Perché quando riaprì gli occhi la pioggia la stava ancora bagnando e Nathan stava ancora appiccicato a quella ragazza.

Quella che doveva essere la sua fidanzata, evidentemente.

A meno che non fosse un tipo che si bacia o si porta a letto la prima che capita.

Ma lei che voleva saperne di lui, dopotutto? Si erano parlati...quanto? Tre volte?

Sospirò pesantemente -sperando che nessuno si accorgesse della sua presenza- e ricominciò a camminare, occhi puntati sulla strada e pugni chiusi dentro le tasche del giubbotto.

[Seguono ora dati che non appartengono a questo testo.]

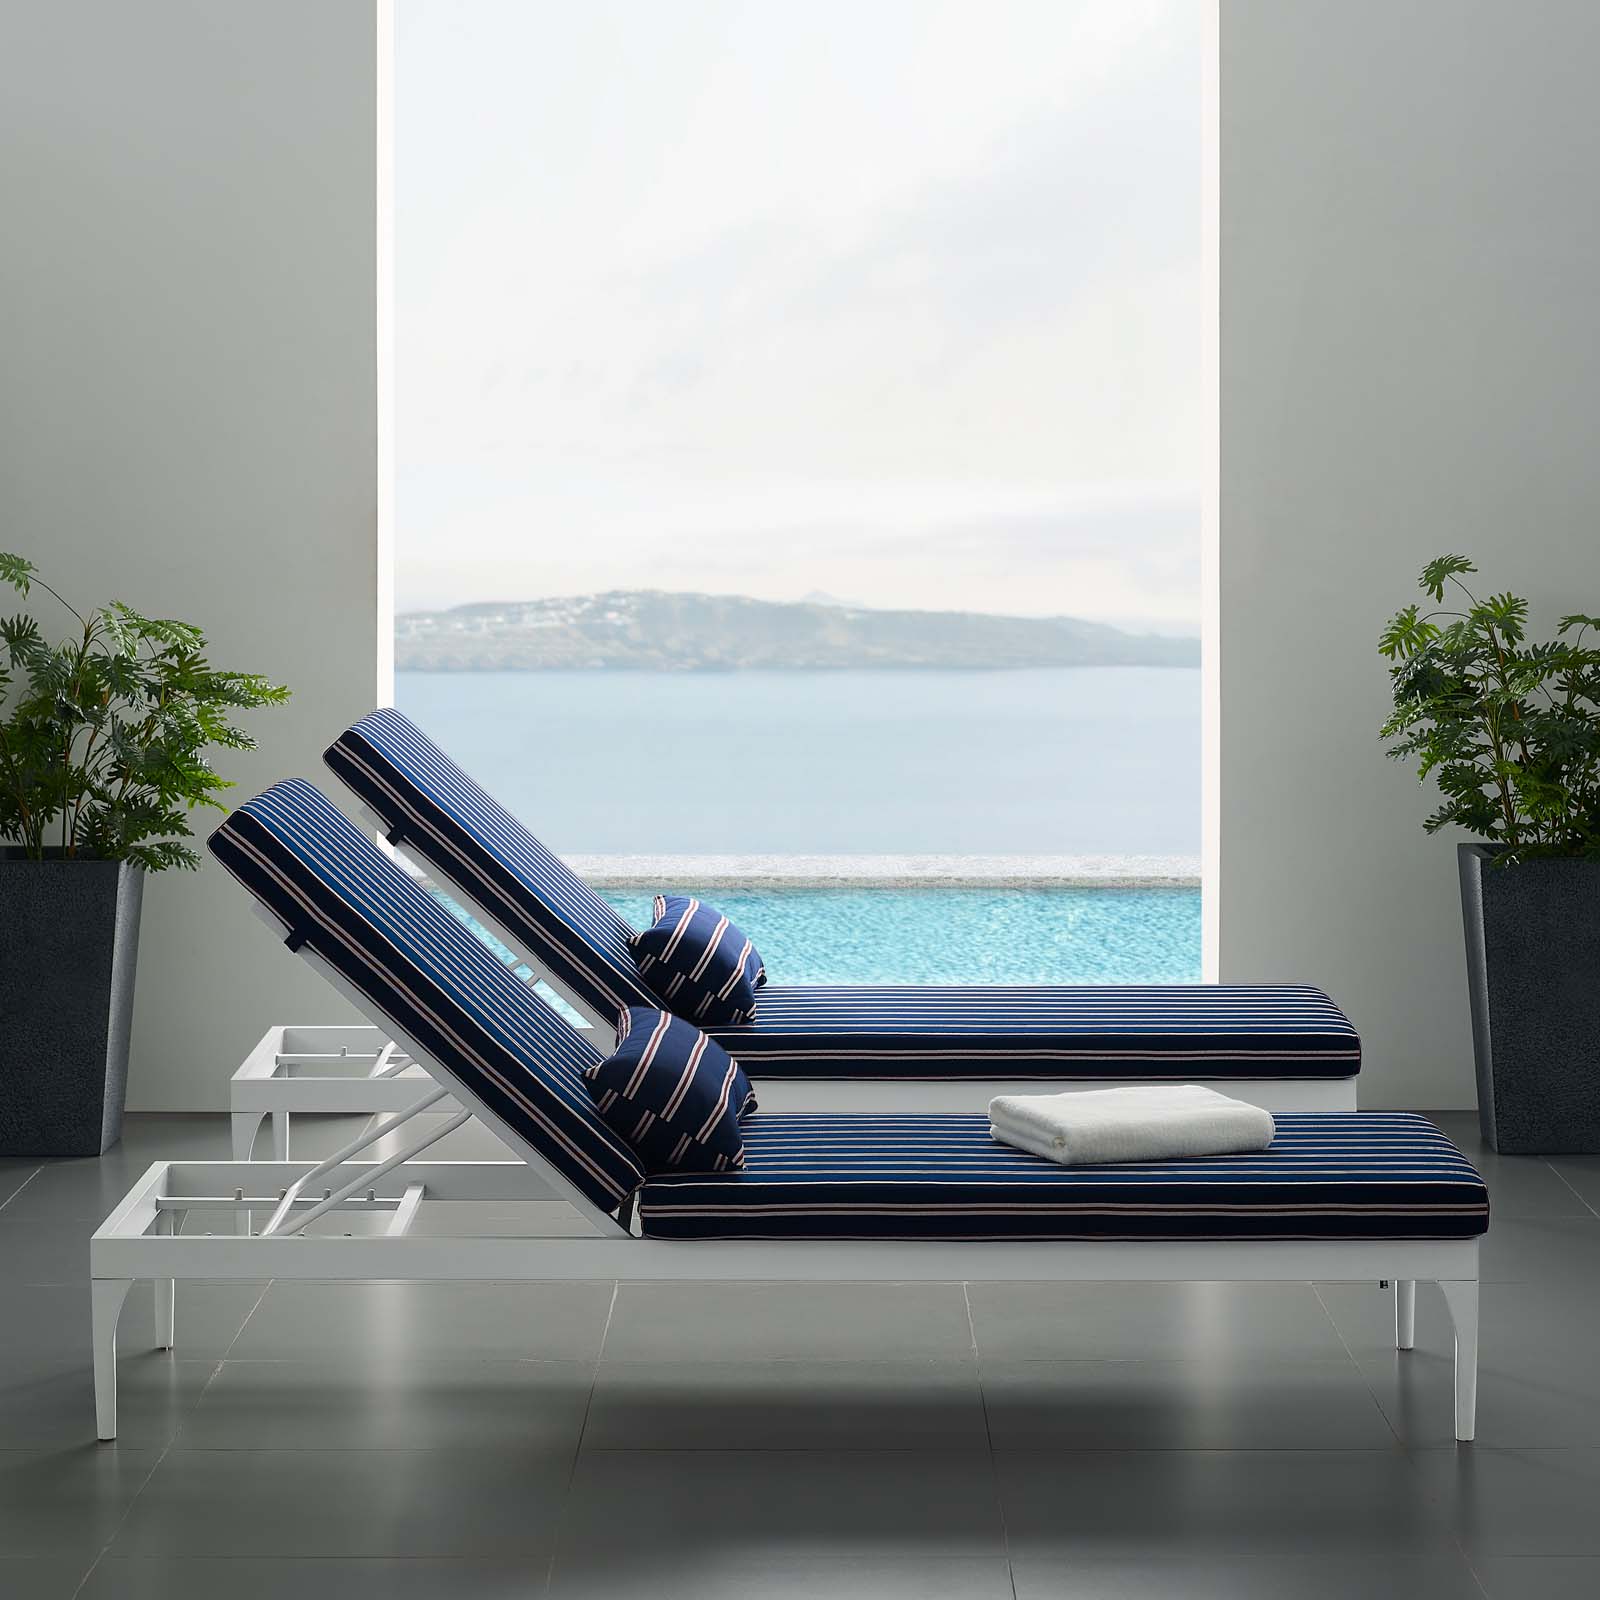 Modern Contemporary Urban Design Outdoor Patio Balcony Garden Furniture Lounge Chair Chaise, Fabric Metal Steel, White Navy - image 2 of 7

Si, quella era l'ennesima conferma che i giorni di pioggia facevano decisamente schifo!

 

 

 

 

 

-Angolo autrice-

Premetto che questo capitolo mi fa abbastanza schifo. È vero che non sono mai pienamente soddisfatta di ciò che scrivo, ma questo capitolo non mi piace proprio per niente, neanche una minima frase.

A partire dalla parte iniziale, che credo di aver scritto troppo frettolosamente, fino ad arrivare a tutto il resto: a parte che in questo capitolo non si dice molto, ho descritto solamente qualche leggero progresso nel rapporto fra Judith e Norah -accennando qualcosa in più sulla vita di quest'ultima- e poi c'è stata la scena finale, che forse vi avrà un po' spiazzato.

Beh, ve l'avevo detto che non sarebbe stato tutto rose e fiori fra Judith e Nathan xD

Cooomunque. Vabbé, io spero che a voi sia piaciuto.